## Information shown
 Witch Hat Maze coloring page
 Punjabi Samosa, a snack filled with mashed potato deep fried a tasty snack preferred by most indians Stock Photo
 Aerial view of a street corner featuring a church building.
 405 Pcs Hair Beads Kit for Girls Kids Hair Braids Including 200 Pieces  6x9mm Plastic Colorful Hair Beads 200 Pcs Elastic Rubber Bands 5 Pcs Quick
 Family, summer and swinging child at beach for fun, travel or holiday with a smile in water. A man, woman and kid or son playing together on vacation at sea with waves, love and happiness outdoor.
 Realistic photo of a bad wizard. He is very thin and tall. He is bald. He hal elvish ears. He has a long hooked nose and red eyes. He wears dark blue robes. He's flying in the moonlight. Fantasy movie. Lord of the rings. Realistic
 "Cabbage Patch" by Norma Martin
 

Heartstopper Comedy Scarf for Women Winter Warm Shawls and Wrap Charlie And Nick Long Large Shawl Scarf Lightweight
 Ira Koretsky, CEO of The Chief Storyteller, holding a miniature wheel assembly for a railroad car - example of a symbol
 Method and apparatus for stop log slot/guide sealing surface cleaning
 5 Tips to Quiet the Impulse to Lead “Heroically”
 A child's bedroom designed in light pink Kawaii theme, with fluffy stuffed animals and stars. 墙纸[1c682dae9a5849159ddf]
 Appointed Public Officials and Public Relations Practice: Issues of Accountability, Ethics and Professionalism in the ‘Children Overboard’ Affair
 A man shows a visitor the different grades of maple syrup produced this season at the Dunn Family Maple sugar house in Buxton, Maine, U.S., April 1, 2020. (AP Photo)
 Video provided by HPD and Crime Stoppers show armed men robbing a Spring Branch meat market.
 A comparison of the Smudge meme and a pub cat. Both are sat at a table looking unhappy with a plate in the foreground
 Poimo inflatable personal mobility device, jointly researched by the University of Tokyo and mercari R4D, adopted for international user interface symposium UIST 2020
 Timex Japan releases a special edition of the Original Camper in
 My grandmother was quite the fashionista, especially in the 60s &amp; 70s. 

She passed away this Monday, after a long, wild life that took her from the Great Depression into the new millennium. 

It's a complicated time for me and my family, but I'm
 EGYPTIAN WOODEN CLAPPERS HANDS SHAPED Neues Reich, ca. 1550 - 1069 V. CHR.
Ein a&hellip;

## Exercise objective
Which lines belong in the answer? Exactly those from the first line of the entries through the line holding "My grandmother was", inclusive, copied unchanged.

## Your solution
 Witch Hat Maze coloring page
 Punjabi Samosa, a snack filled with mashed potato deep fried a tasty snack preferred by most indians Stock Photo
 Aerial view of a street corner featuring a church building.
 405 Pcs Hair Beads Kit for Girls Kids Hair Braids Including 200 Pieces  6x9mm Plastic Colorful Hair Beads 200 Pcs Elastic Rubber Bands 5 Pcs Quick
 Family, summer and swinging child at beach for fun, travel or holiday with a smile in water. A man, woman and kid or son playing together on vacation at sea with waves, love and happiness outdoor.
 Realistic photo of a bad wizard. He is very thin and tall. He is bald. He hal elvish ears. He has a long hooked nose and red eyes. He wears dark blue robes. He's flying in the moonlight. Fantasy movie. Lord of the rings. Realistic
 "Cabbage Patch" by Norma Martin
 

Heartstopper Comedy Scarf for Women Winter Warm Shawls and Wrap Charlie And Nick Long Large Shawl Scarf Lightweight
 Ira Koretsky, CEO of The Chief Storyteller, holding a miniature wheel assembly for a railroad car - example of a symbol
 Method and apparatus for stop log slot/guide sealing surface cleaning
 5 Tips to Quiet the Impulse to Lead “Heroically”
 A child's bedroom designed in light pink Kawaii theme, with fluffy stuffed animals and stars. 墙纸[1c682dae9a5849159ddf]
 Appointed Public Officials and Public Relations Practice: Issues of Accountability, Ethics and Professionalism in the ‘Children Overboard’ Affair
 A man shows a visitor the different grades of maple syrup produced this season at the Dunn Family Maple sugar house in Buxton, Maine, U.S., April 1, 2020. (AP Photo)
 Video provided by HPD and Crime Stoppers show armed men robbing a Spring Branch meat market.
 A comparison of the Smudge meme and a pub cat. Both are sat at a table looking unhappy with a plate in the foreground
 Poimo inflatable personal mobility device, jointly researched by the University of Tokyo and mercari R4D, adopted for international user interface symposium UIST 2020
 Timex Japan releases a special edition of the Original Camper in
 My grandmother was quite the fashionista, especially in the 60s &amp; 70s. 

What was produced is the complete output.